El cambio también importa en la forma en que pensamos sobre la identidad y el acceso. El phishing móvil ha surgido como otro vector de brecha en aumento en el mismo ciclo del informe, y cuando el phishing recolecta credenciales con éxito, esas credenciales se combinan cada vez más con la explotación de sistemas sin parchear para moverse lateralmente dentro de la red. Ambas amenazas se refuerzan mutuamente.
Por qué las VPN por sí solas no son suficientes
Una VPN cifra el tráfico de internet y oculta tu dirección IP, algo realmente útil para proteger los datos en tránsito, sobre todo en redes no confiables. Pero una VPN no hace nada para parchear una aplicación vulnerable. Si un atacante identifica un fallo sin corregir en el software que se ejecuta en un servidor, puede explotarlo independientemente de si ese servidor está detrás de una conexión VPN.
Esta es la lección fundamental que subyace en las cifras del DBIR 2026: las herramientas de seguridad funcionan por capas, y ninguna capa cubre por sí sola todas las amenazas. Las conexiones cifradas protegen los datos que se mueven entre puntos. Las contraseñas fuertes y únicas (respaldadas por un gestor de contraseñas) reducen la exposición de credenciales. La autenticación multifactor eleva el coste de los ataques basados en credenciales. Y la aplicación oportuna de parches cierra las puertas de las que depende la explotación de vulnerabilidades.
El ransomware no distingue entre organizaciones con VPN y sin ella. Sigue el camino de menor resistencia que le brinden un sistema sin parchear o una credencial comprometida.
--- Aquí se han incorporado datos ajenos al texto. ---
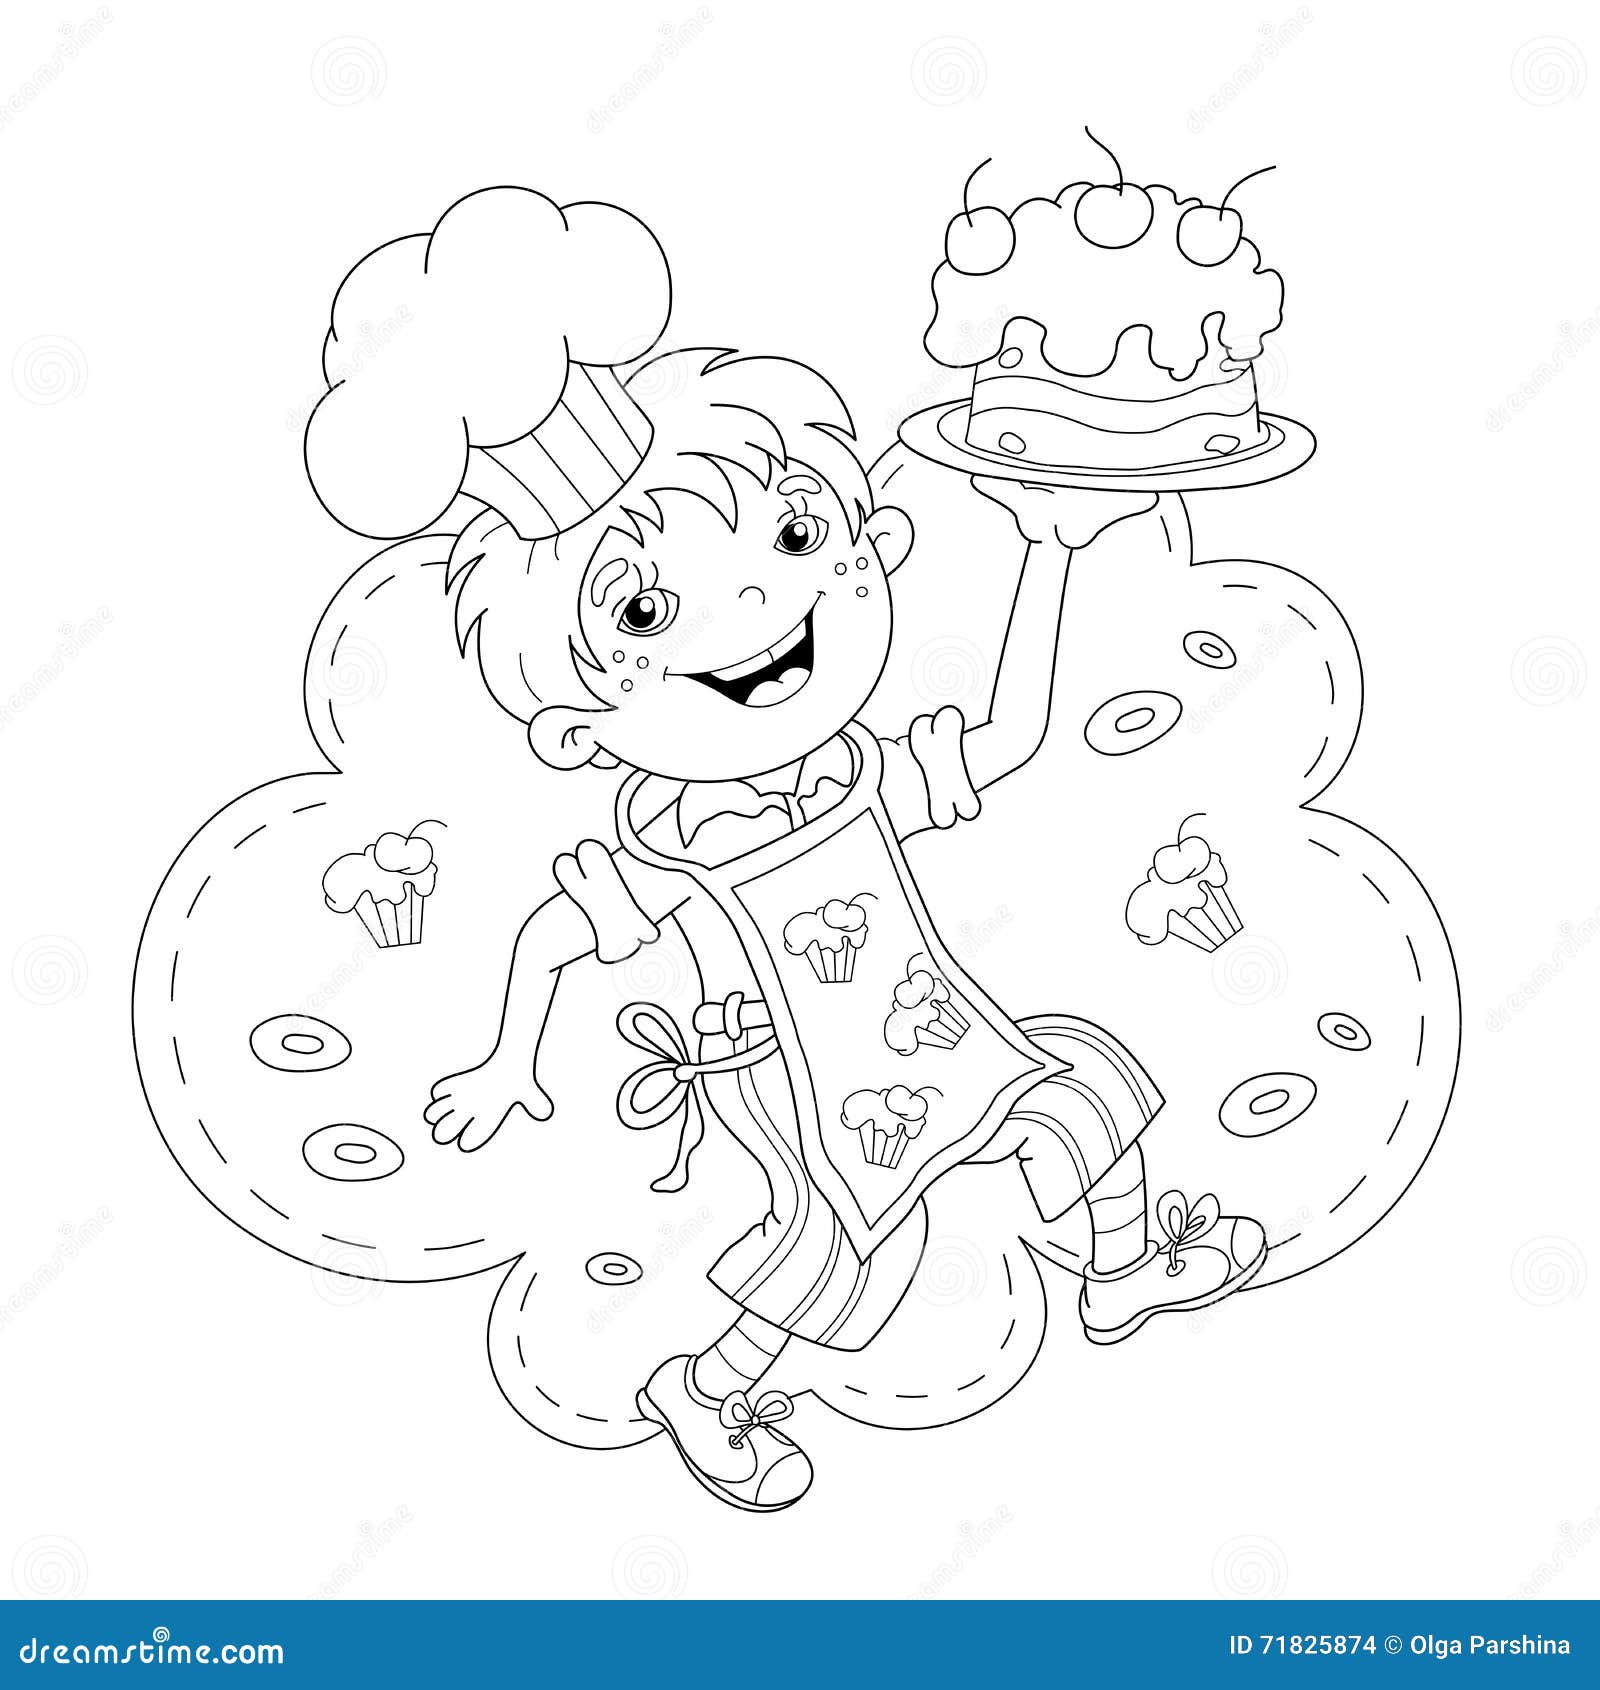 Coloring Page Outline Of Cartoon Boy Chef With Cake Stock Vector - Illustration of dish, cartoon ...

Qué significa esto para ti
El DBIR 2026 es una útil dosis de realidad tanto para individuos como para organizaciones. Estos son los pasos prácticos que vale la pena dar en respuesta a lo que muestran los datos:
- Prioriza la aplicación de parches. Habilita las actualizaciones automáticas siempre que sea posible para sistemas operativos, navegadores, complementos y aplicaciones. En las organizaciones, establece una ventana de parcheo definida y cúmplela.
- Audita tu inventario de software. No puedes parchear lo que no sabes que estás ejecutando. Un simple inventario de aplicaciones y sus versiones actuales es un punto de partida.
- Aplica defensas por capas. Utiliza una VPN para conexiones cifradas, un gestor de contraseñas para credenciales fuertes y únicas, y autenticación multifactor en todas las cuentas que lo permitan.
- Toma en serio el ransomware a nivel de copias de seguridad. Las copias de seguridad fuera de línea o inmutables son una de las contramedidas más eficaces contra el ransomware; no previenen un ataque, pero limitan la ventaja que tiene el atacante.
- No asumas que las herramientas de perímetro cubren las vulnerabilidades internas. Los cortafuegos y las VPN protegen el perímetro. Las vulnerabilidades dentro de tu red siguen necesitando atención directa.
El DBIR 2026 no describe una amenaza futura; describe lo que ya está ocurriendo a gran escala. Las organizaciones y las personas que tratan la seguridad como un conjunto de hábitos complementarios en lugar de como la compra de un único producto son quienes están en mejor posición para evitar formar parte de las estadísticas del próximo año.